Le quatuor forme par Thomas Lehn, Ikue Mori, Christian Marclay et Mats Gustafsson prend place. Ils produisent un résultat qui sonne très musique improvisée européenne, avec pleins d’éruptions de sons, de bruits hachés, dues principalement à Lehn et Gustafsson, qui créent l’ambiance. Ils alternent moments de calmes et maelströms de bruits.
Un dernier duo : Alan Licht et Axel Dorner. L’accent est mis ici sur les traitements que l’on peut faire subir a la musique, puisque Licht joue surtout de ses pédales, se contentant de faire vibrer sa guitare, et Dorner retravaille a l’ordinateur un seul son issu de sa trompette.
Brotzmann solo prend le relais, au sax baryton. De longues phrases musicales calmes, ou il fait vibrer les notes.

Le concert final réunit l’ensemble des musiciens excepté Brotzmann. C’est une composition de Mats Gustafsson qu’il dirige lui-même. Les musiciens portent des casques antibruit rouges, et sont donc dans l’impossibilité de s’entendre les uns les autres. Gustafsson indique à chaque musicien quand il doit jouer, les autorisant à enlever leur casque à certains moments, pour reprendre contact avec le groupe.

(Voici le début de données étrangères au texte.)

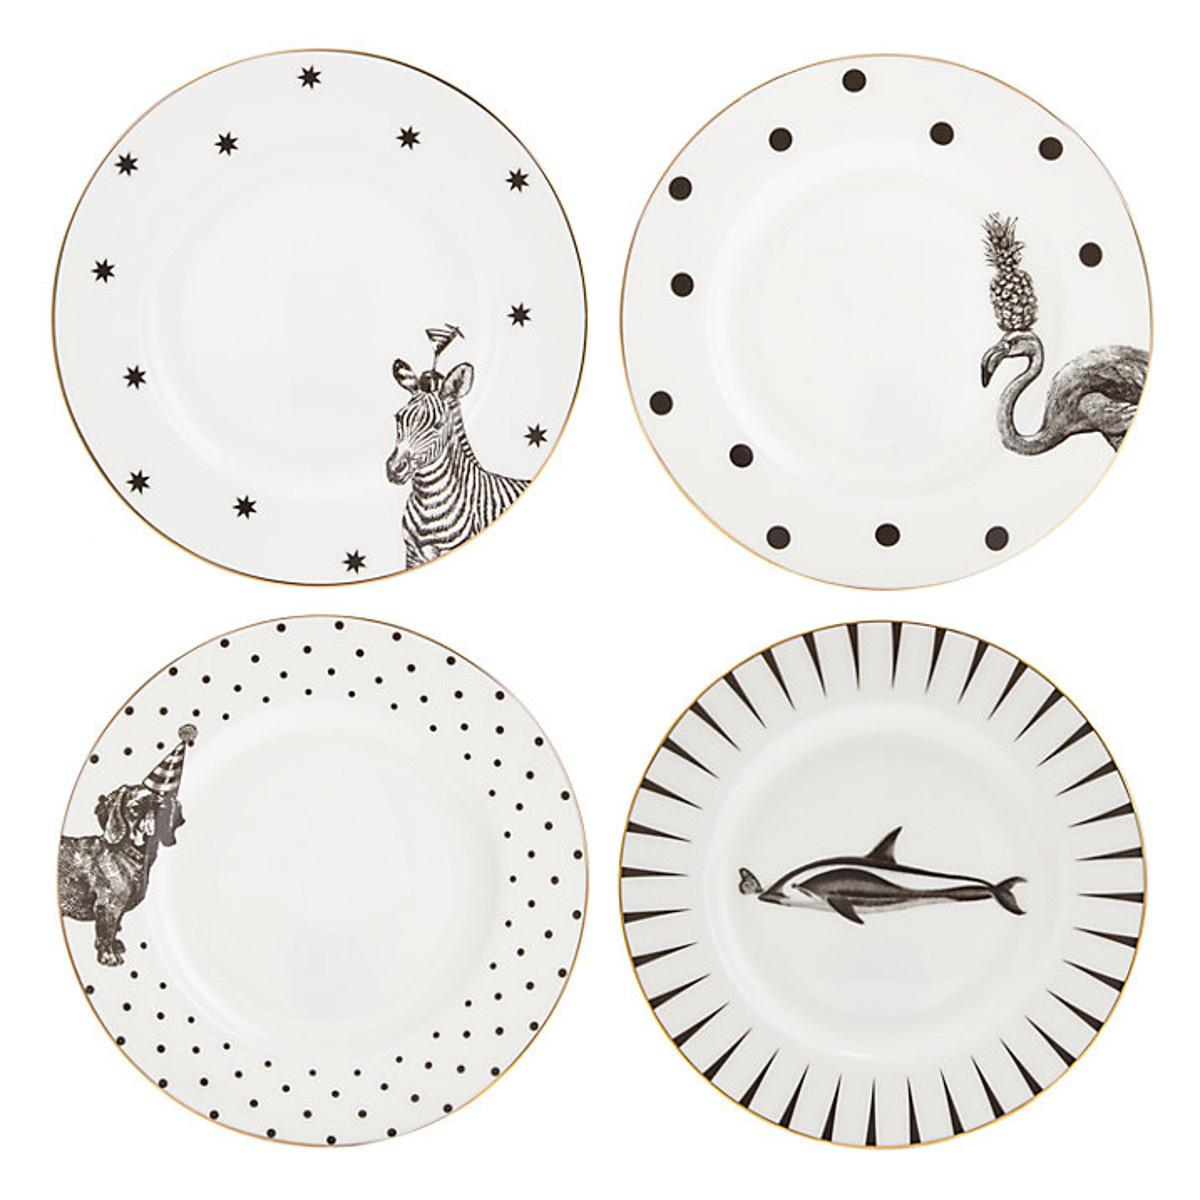 Yvonne Ellen London Monochrome Set van 2 Borden Ø 16 cm - Zebra - Bone China Porseleinint - Bone China Porselein

Pour cette deuxième soirée, le barycentre du groupe s’est déplace : hier le côté américain ressortait principalement, à mi-chemin entre le free-jazz de Chicago et l’improvisation de l’école new-yorkaise. Avec le départ de Ken Vandermark et l’arrivée de Keith Rowe et Thomas Lehn, deux piliers du all-stars band MIMEO, on est clairement au coeur de l’improvisation européenne.